» **Work required**
Your task is to print all of the data below exactly, with no pictures included.

» **Available data**
# # #
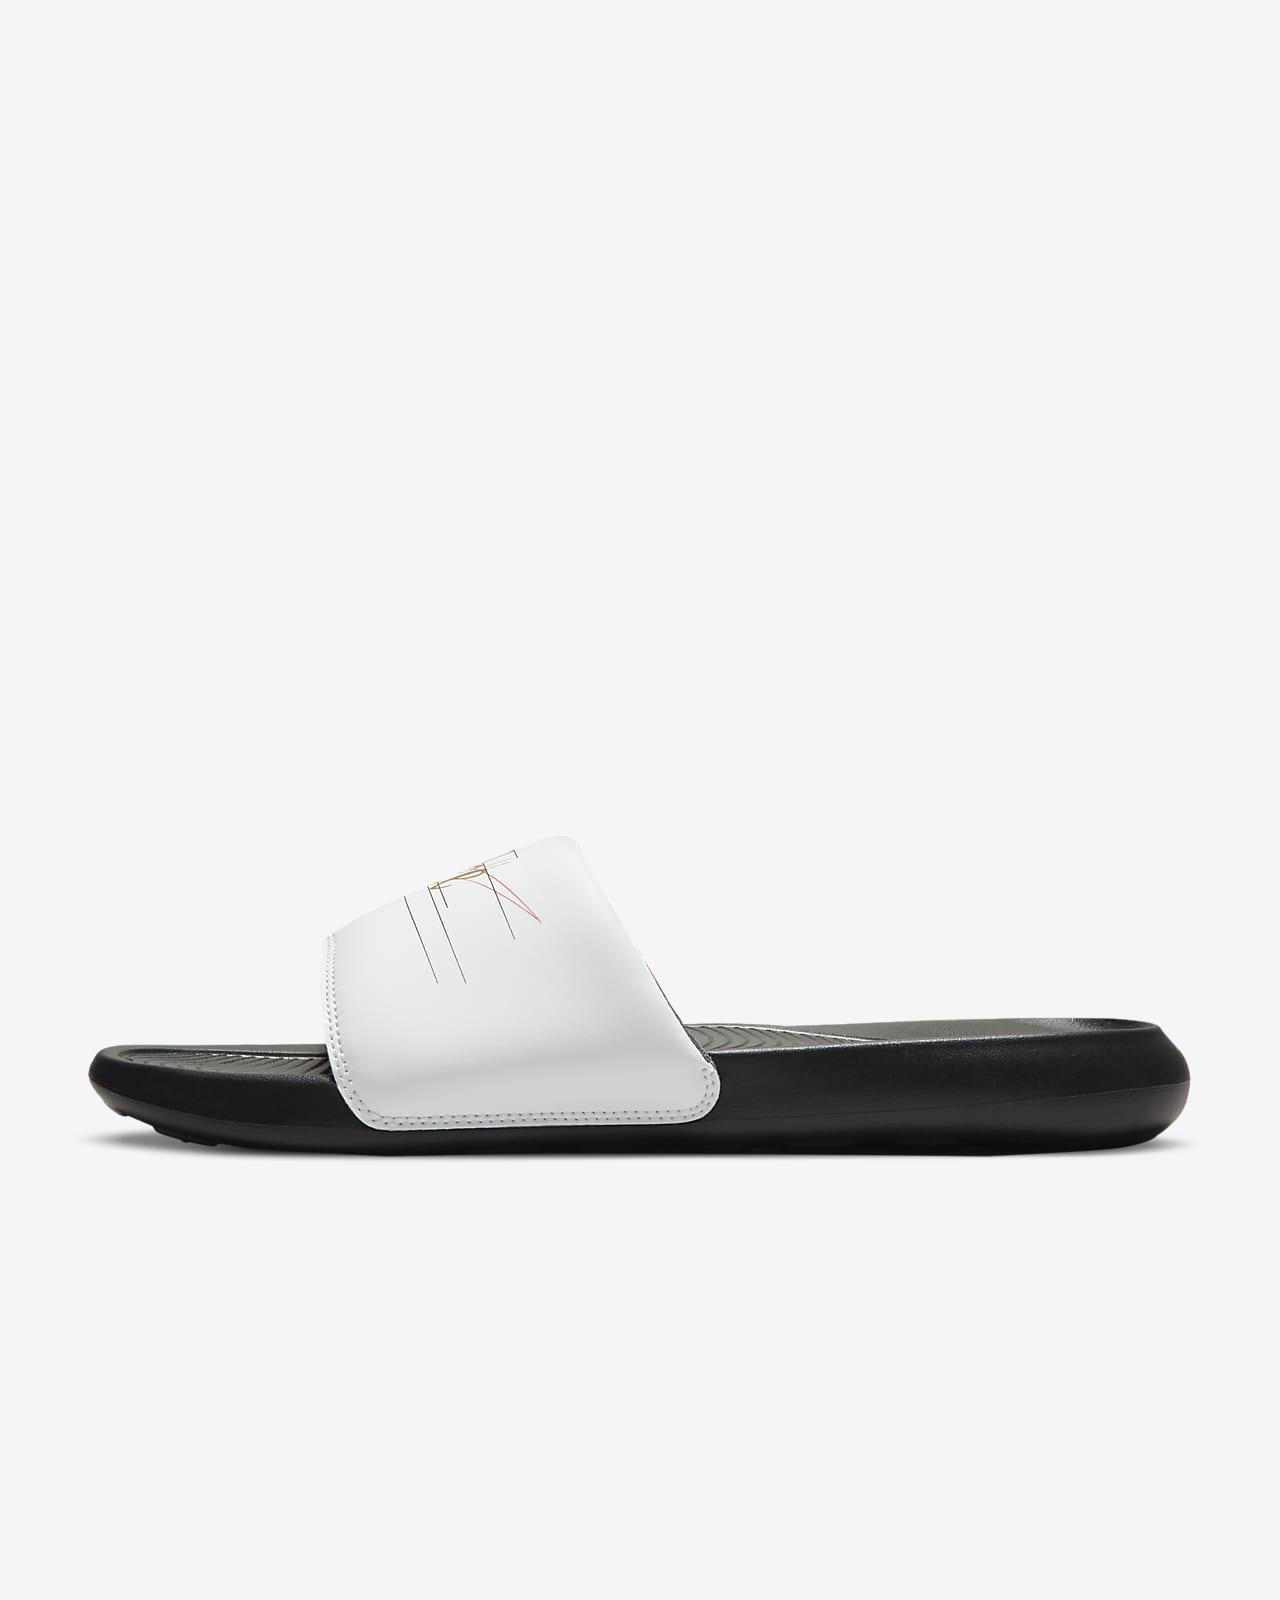 รองเท้าแตะผู้ชายแบบสวมพิมพ์ลาย Nike Victori One
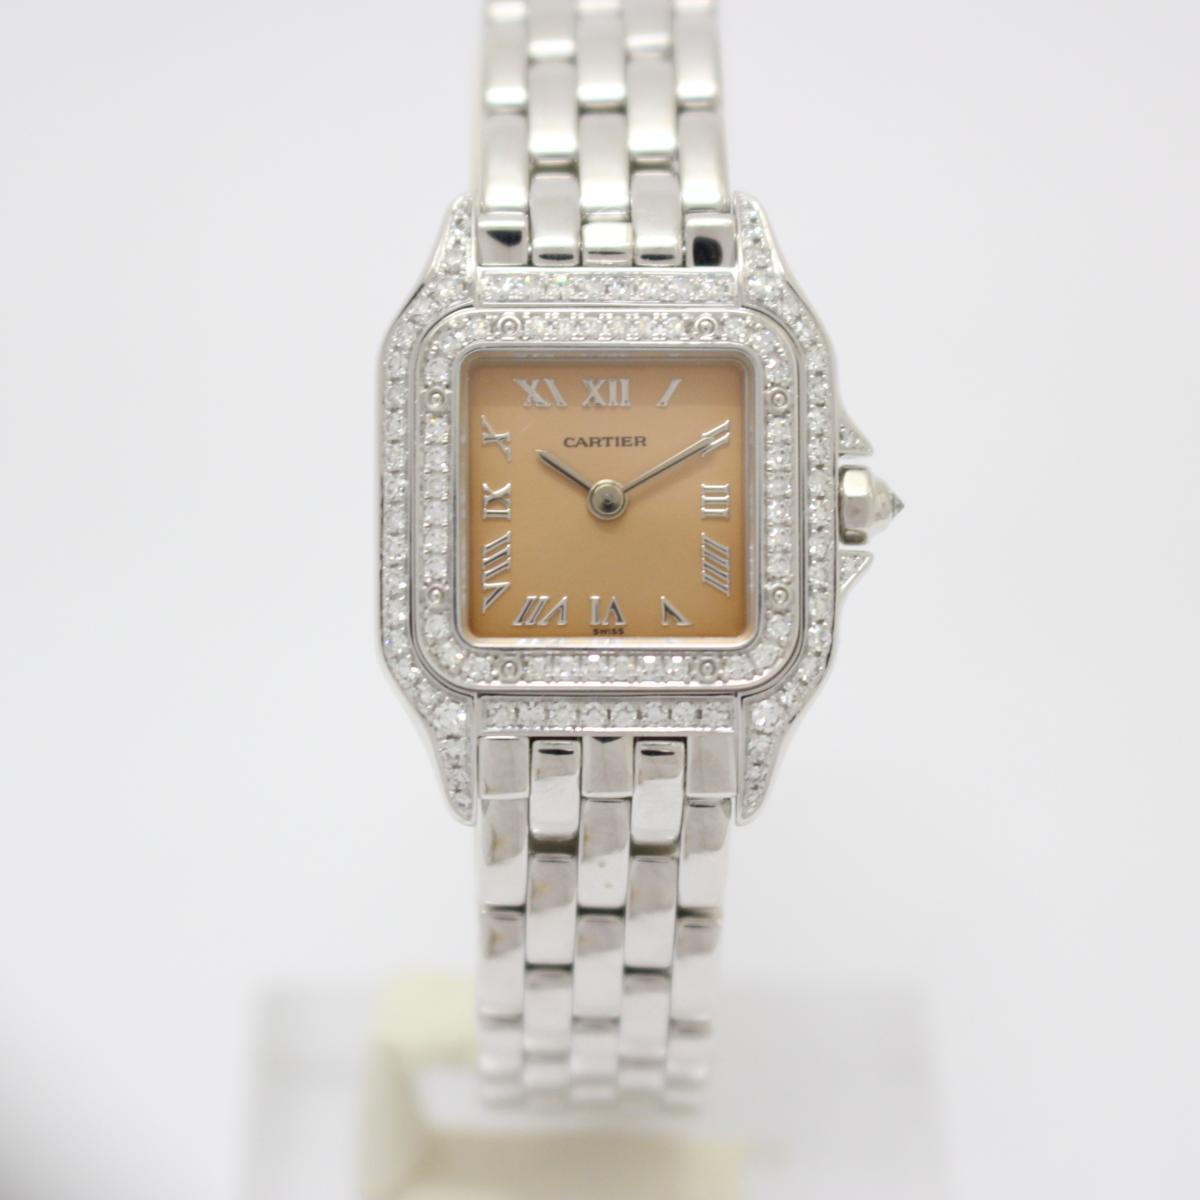 【中古】カルティエ パンテールSM 2重ダイヤモンドベゼル レディースウォッチ 腕時計 レディース K18WG(750)ホワイトゴールド×ダイヤモンド (WF3245F3)
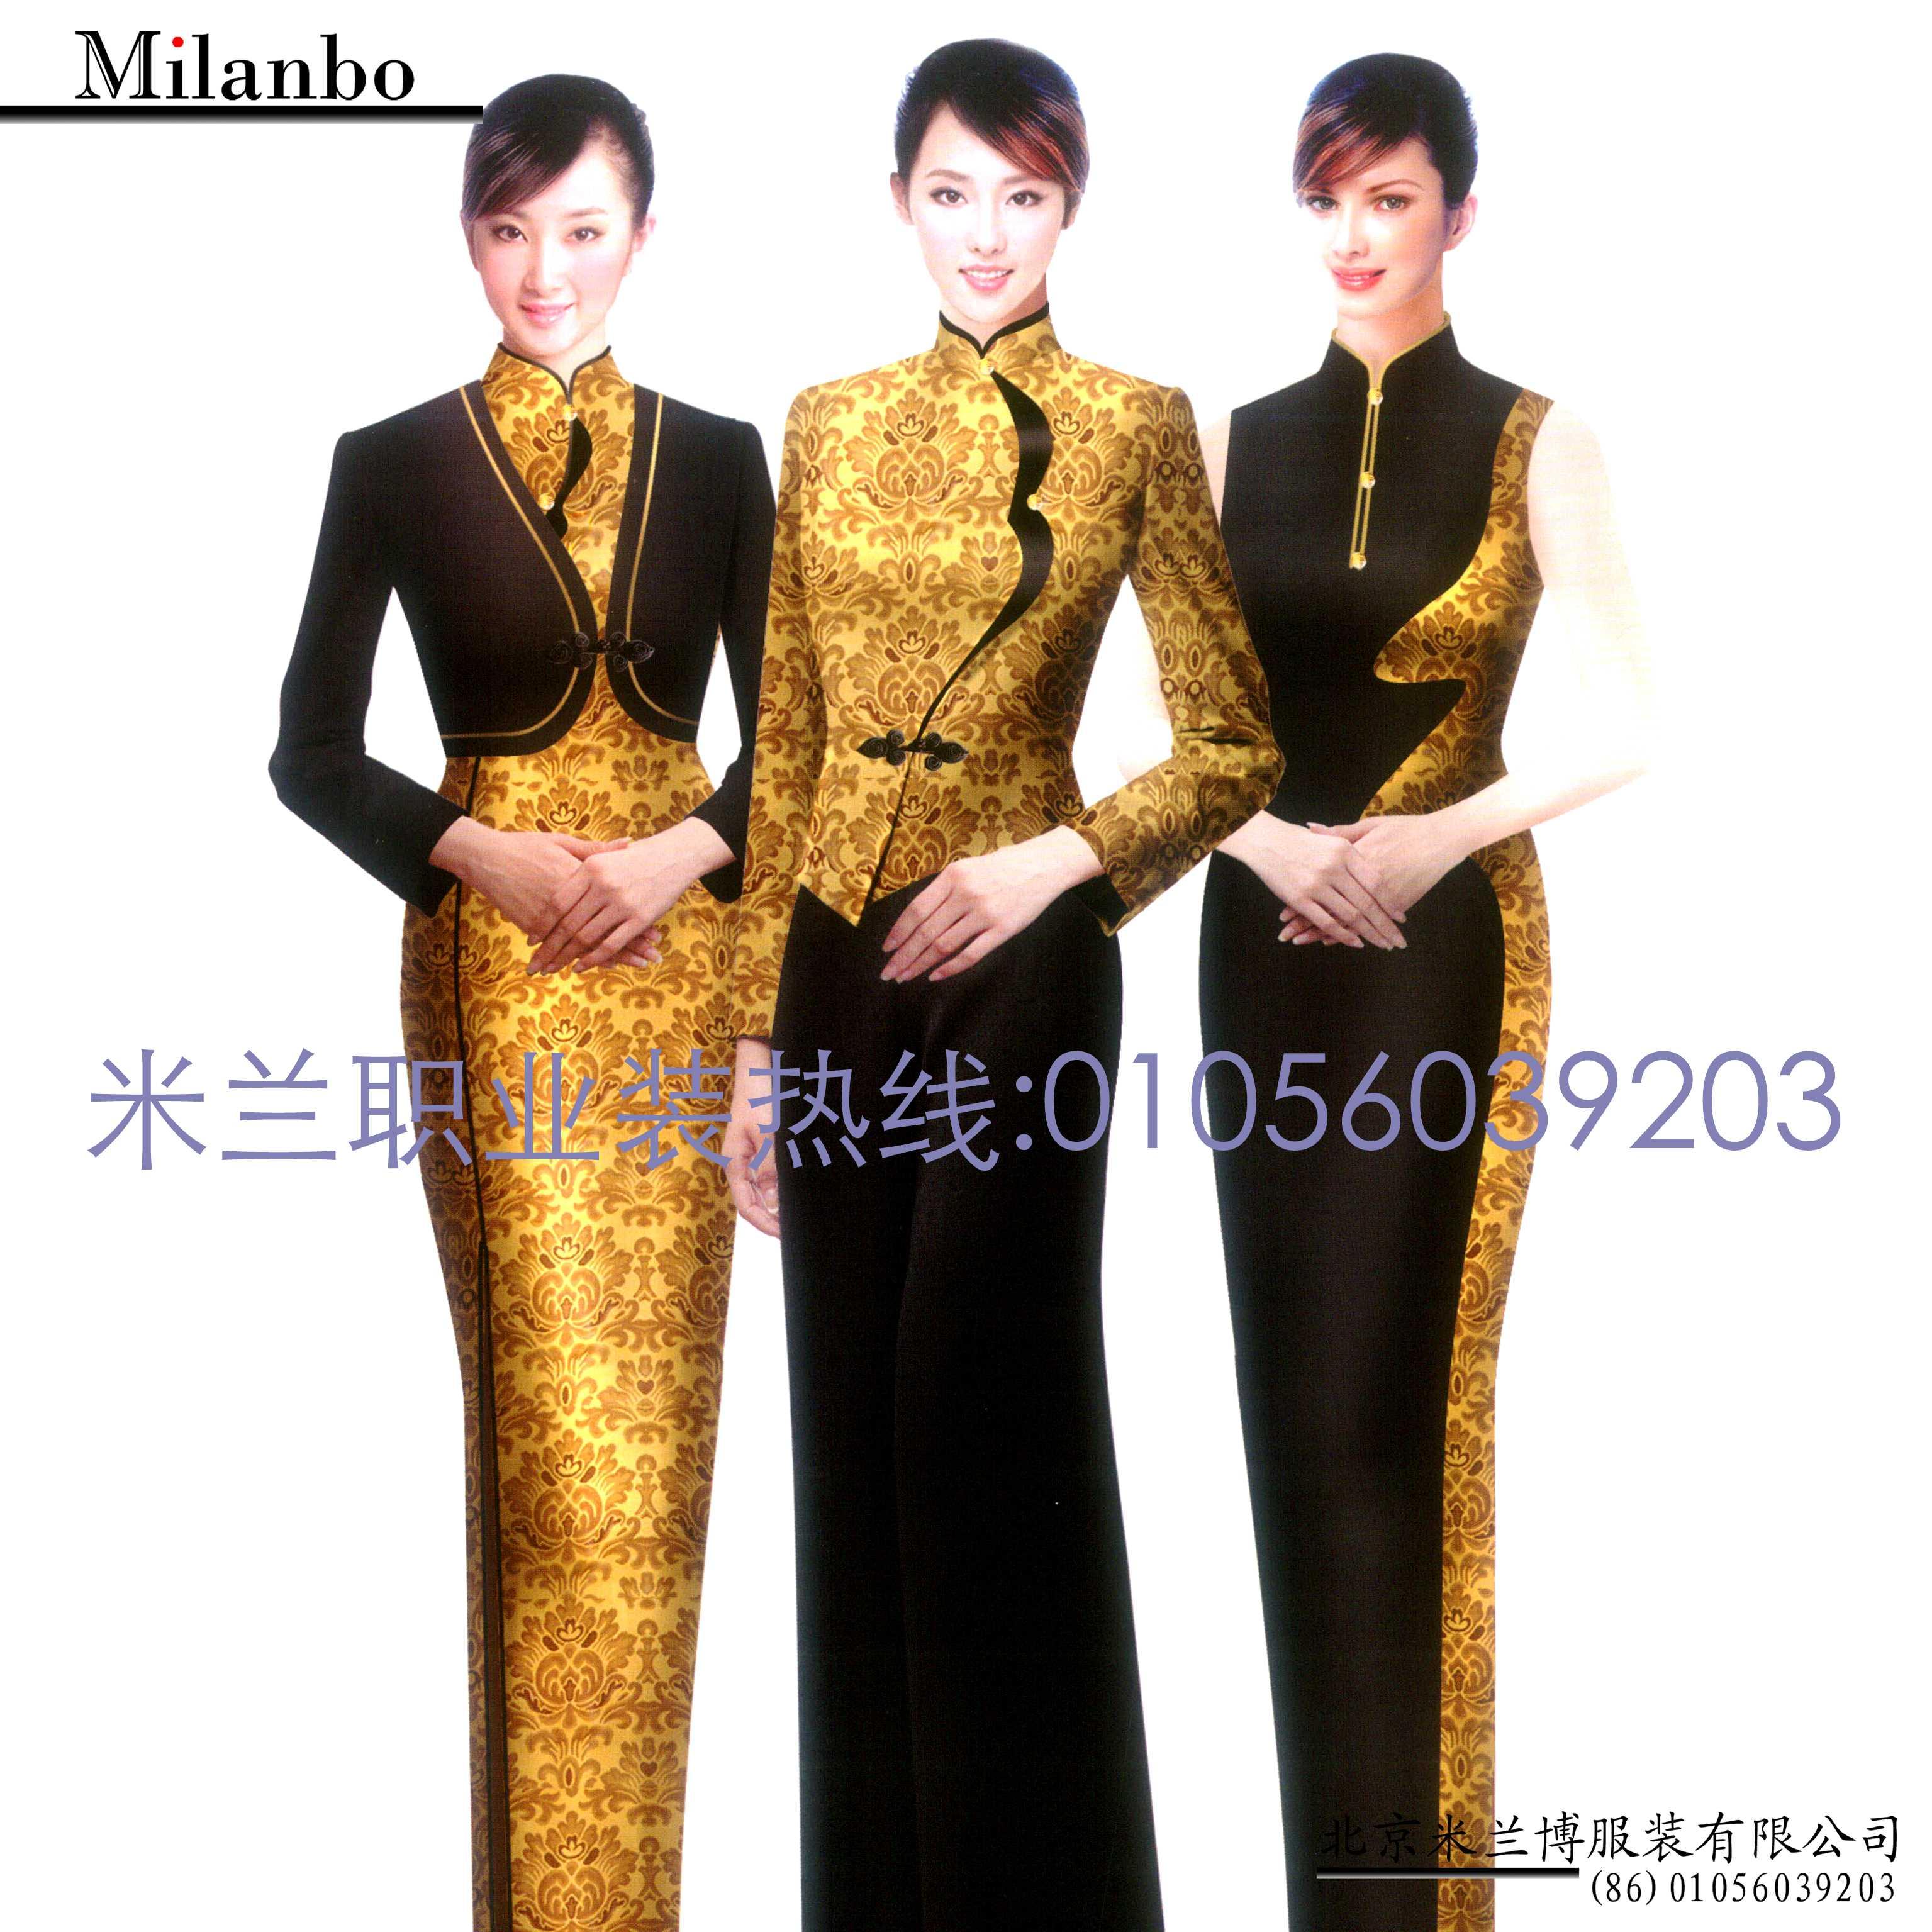 「中式旗袍定制」「古典旗袍订制」-米兰弘品牌服装-4
# # #
» **Result for this task**
 รองเท้าแตะผู้ชายแบบสวมพิมพ์ลาย Nike Victori One
 【中古】カルティエ パンテールSM 2重ダイヤモンドベゼル レディースウォッチ 腕時計 レディース K18WG(750)ホワイトゴールド×ダイヤモンド (WF3245F3)
 「中式旗袍定制」「古典旗袍订制」-米兰弘品牌服装-4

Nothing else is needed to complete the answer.